República de Colombia Corte Suprema de Justicia Radicado No. 59833 CORTE SUPREMA DE JUSTICIA SALA DE CASACIÓN LABORAL JORGE MAURICIO BURGOS RUIZ Magistrado Ponente AL 1011-2013 Radicación No. 59833 Acta No. 27 Bogotá, D.C., veintiocho (28) de agosto de dos mil trece (2013). Se pronuncia la Corte sobre el cumplimiento de los requisitos formales de la demanda de casación presentada por el apoderado de la parte actora, respecto de la sentencia proferida el 29 de febrero de 2012 por el Tribunal Superior del Distrito Judicial de Barranquilla –Sala cuarta de descongestión Laboral-, dentro del proceso ordinario laboral promovido por YOMAIRA OSORNO RAMÍREZ contra LA EMPRESA DE VALORES Y CONTRATOS S.A. VALORCÓN S.A Y SEGUROS DE VIDA COLPATRIA S.A. I.

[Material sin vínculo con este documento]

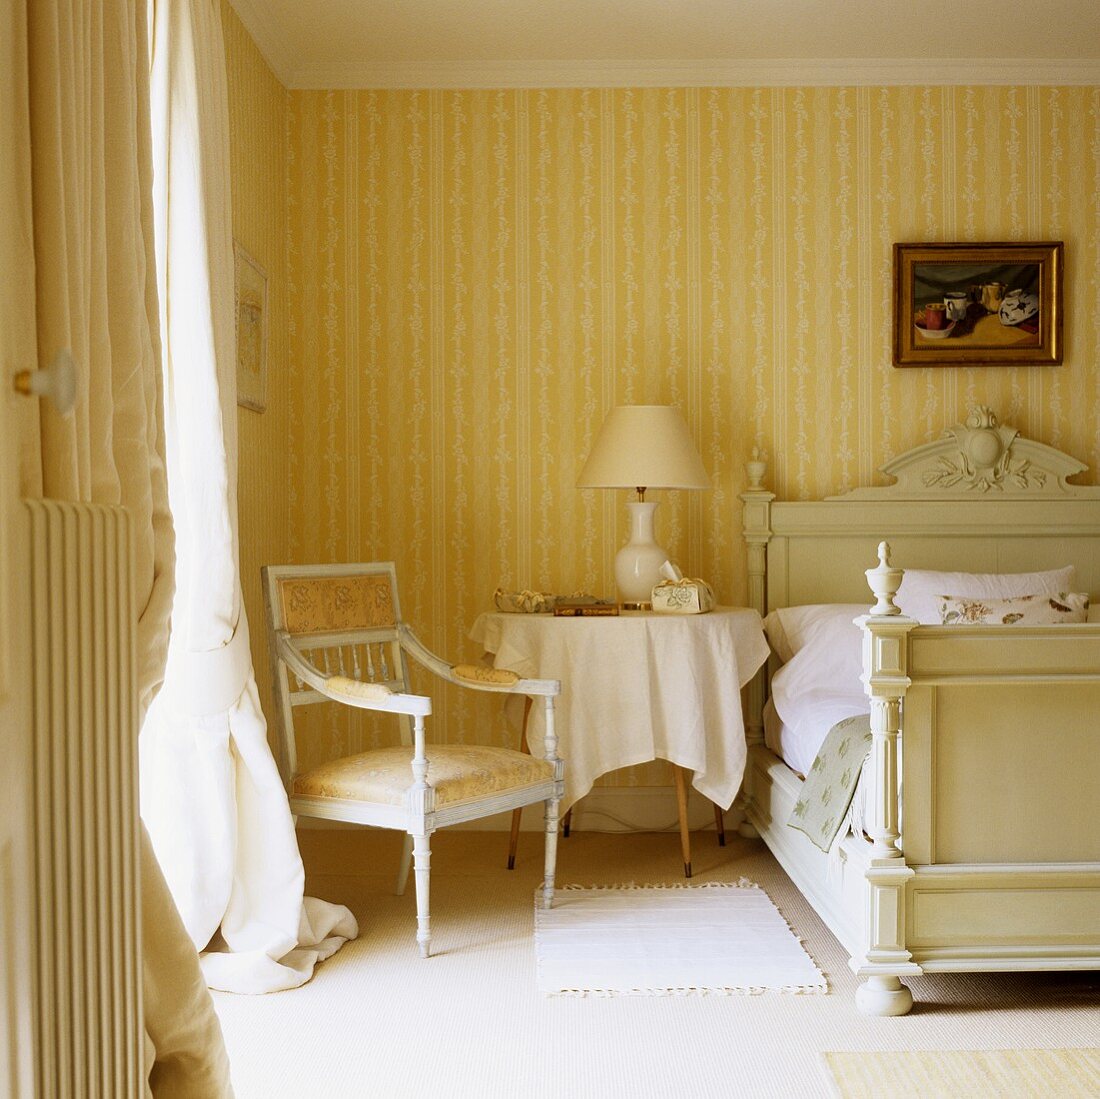 A bedroom in a country house with Baroque chairs against a yellow and white striped wall

ANTECEDENTES Mediante auto del 20 de marzo de 2013, esta Corporación admitió el recurso de casación interpuesto por la parte demandante, YOMAIRA OSORNO RAMÍREZ. Se dispuso correr el traslado correspondiente, a efectos de que se allegara el escrito de demanda, no obstante, con la advertencia de que su selección a trámite se decidiría con la calificación de la misma.

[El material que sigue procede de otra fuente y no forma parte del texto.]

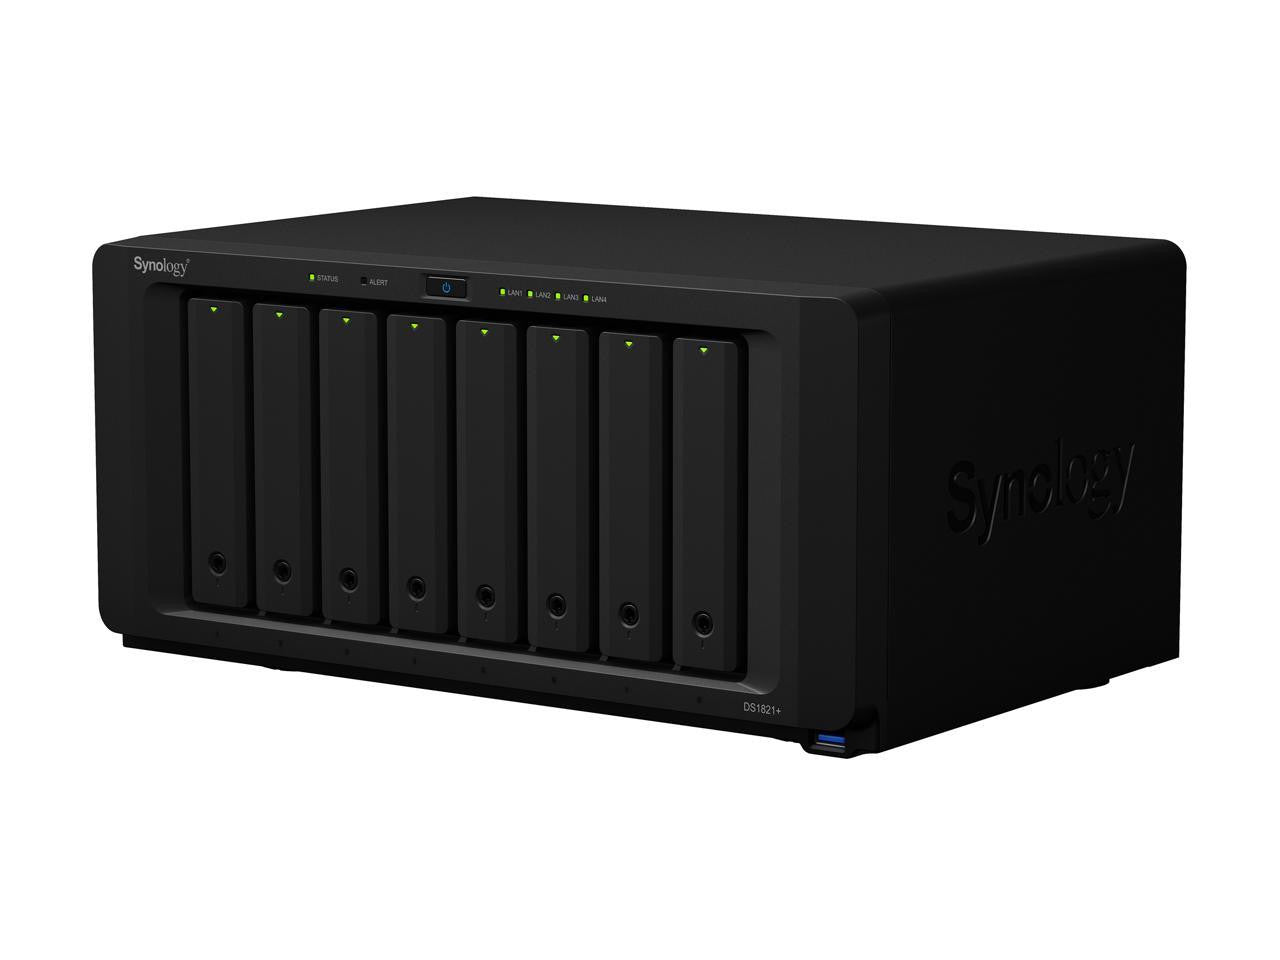 Synology DS1821+ 8-BAY DiskStation with 16GB Synology RAM and 128TB (8x16TB) Synology Enterprise HAT5300 Drives Fully Assembled and Tested

Por su parte, el apoderado de la parte recurrente, por medio de escrito del 28 de noviembre de 2012, presentó demanda de casación, en la que realizó un recuentro de los hechos y del trámite procesal surtido en la primera y segunda instancia. En lo que atañe al recurso de casación indicó: Cargos: Me permito invocar como causal de casación contra la sentencia del Honorable Tribunal Superior de Barranquilla, Sala Laboral, lo siguiente Primer Cargo Favorecimiento para Valorcon (…) Lo que acepta el Honorable Tribunal del Distrito Judicial de Barranquilla (…), va en contra de las normas de seguridad e irresponsablemente arguye ‘de todas maneras lo hubieran asesinado’, si esta trampa les hubiera fallado, le hubieran elaborado otra, pero esto no les exime de la responsabilidad de indemnización de acuerdo al artículo 216 del Código Laboral.
Segundo Cargo de la Vigilancia El magistrado no aplico (sic) el decreto 356 de 1994 ni las normas de la Superintendencia de Vigilancia que responsabiliza a las empresas de lo que ocurra dentro de sus instalaciones y de la mala selección del personal para los servicios de vigilancia (…). Cargo tercero: Se está incumpliendo, la resolución 2400 de 1979 de mayo de 22, capítulo 5 de las canteras y trituración, artículo 681.
(…) En el folio 519, el magistrado Omar Ángel justifica lo injustificable, él no puede ir en contra de la ley y las pruebas, en la cantera se presentaron 189 accidentes en el 2008 y 152 en el 209 (sic). Osea (sic) 15 mensuales, uno cada dos días ver el folio 44, pero nos encontramos ante las (sic) sexta empresa a nivel nacional en construcciones con poder político y económico, lo que le facilita las acciones judiciales.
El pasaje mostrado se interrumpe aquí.